Сосед скрылся. Еврухерий позвонил. Затем еще раз и еще. Дверь не открывали. Вскоре верзила вернулся. Увидев ясновидящего, предположил:
– Наверное, за покойником поехали. Слушай, как привезут, ты стукни мне в дверь, а? Я живу в седьмой квартире.
Еврухерий решил подождать на лестничной площадке. Но потом, прихватив венок, спустился и позвонил в дверь с табличкой «7».
– Мне позвонить надо, – объяснил Макрицын.
– Заходи и звони.
Ясновидящий сообщил Вараниеву, что уже поехали за покойником и похороны, видимо, сегодня после обеда будут.
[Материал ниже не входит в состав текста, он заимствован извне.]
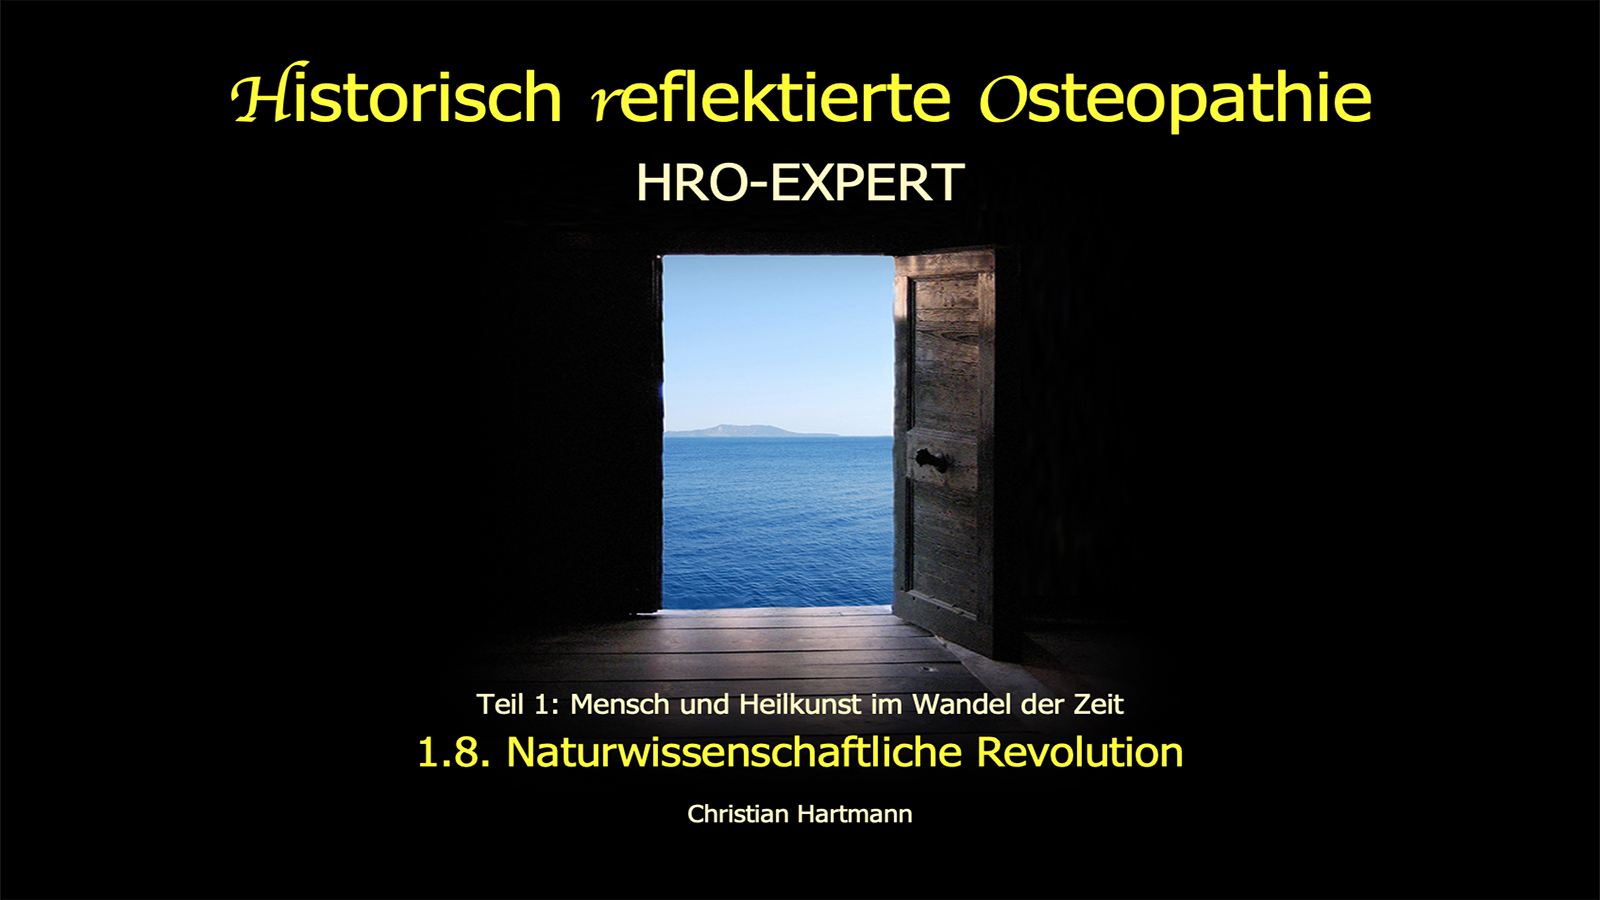 HRO-EXPERT: 1.8. Naturwissenschaftliche Revolution

Сидя возле квартиры Ганьского, Еврухерий заметил, что в подъезде началось какое-то движение – до него доносились негромкие голоса, в основном женские и немолодые. Через некоторое время на лестнице показалась маленькая старушка в синей шерстяной кофте. Голова ее была повязана белым платком. Она перекрестилась на дверь Ганьского и спросила:
– Когда же случилось-то, сынок?
Еврухерий ответил, что позавчера вечером ему сообщил друг Аполлона.
Постепенно к квартире ученого подтянулось человек двадцать, преимущественно людей старых.
– Молодой-то какой ушел! – заметил один из них.
– А чего же ты удивляешься? Жизнь-то у них какая – сумасшедшая! Работы меняют, баб меняют, пьют, нервничают.
Еврухерию надоела толпа с ее разговорами, и он спустился вниз на лавку. Через какое-то время подъехали Вараниев со Шнейдерманом. Оба в черных костюмах и с цветами. Просидели до вечера. Толпа разошлась по квартирам. Уехали и первые лица партии «Мак.Лем.иЧ.».
Но ранним утром следующего дня Макрицын вернулся. Из подъезда выходил почтальон, и Еврухерию не составило труда проникнуть внутрь. Поднявшись на нужный этаж, позвонил. Безрезультатно. Он позвонил второй раз, немного подождал, повернулся и сделал шаг к лестнице.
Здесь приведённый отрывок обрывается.